Work task: Examine the records and identify each line that includes the string "century". Copy those lines.

————

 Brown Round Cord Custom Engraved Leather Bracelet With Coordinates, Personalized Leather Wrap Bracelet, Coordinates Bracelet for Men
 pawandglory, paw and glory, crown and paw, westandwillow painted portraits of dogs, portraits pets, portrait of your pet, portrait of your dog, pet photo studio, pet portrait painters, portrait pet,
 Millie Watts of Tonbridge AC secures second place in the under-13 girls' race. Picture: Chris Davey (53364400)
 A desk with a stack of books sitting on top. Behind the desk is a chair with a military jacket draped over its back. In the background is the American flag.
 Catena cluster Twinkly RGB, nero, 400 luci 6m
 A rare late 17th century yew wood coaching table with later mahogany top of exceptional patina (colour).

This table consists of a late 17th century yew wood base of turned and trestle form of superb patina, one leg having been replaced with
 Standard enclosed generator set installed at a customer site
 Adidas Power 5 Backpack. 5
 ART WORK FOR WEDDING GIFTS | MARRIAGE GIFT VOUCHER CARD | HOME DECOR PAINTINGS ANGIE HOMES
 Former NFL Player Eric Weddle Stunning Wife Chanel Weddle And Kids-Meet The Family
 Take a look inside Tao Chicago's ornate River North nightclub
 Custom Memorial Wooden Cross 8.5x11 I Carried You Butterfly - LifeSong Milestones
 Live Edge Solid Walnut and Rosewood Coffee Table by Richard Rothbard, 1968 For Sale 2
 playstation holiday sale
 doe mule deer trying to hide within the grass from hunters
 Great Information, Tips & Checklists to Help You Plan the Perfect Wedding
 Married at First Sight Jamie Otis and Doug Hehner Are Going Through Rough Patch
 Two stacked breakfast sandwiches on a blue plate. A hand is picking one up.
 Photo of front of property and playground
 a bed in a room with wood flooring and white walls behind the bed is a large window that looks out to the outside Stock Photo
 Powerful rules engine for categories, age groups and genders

————

Answer to the problem:
 A rare late 17th century yew wood coaching table with later mahogany top of exceptional patina (colour).
This table consists of a late 17th century yew wood base of turned and trestle form of superb patina, one leg having been replaced with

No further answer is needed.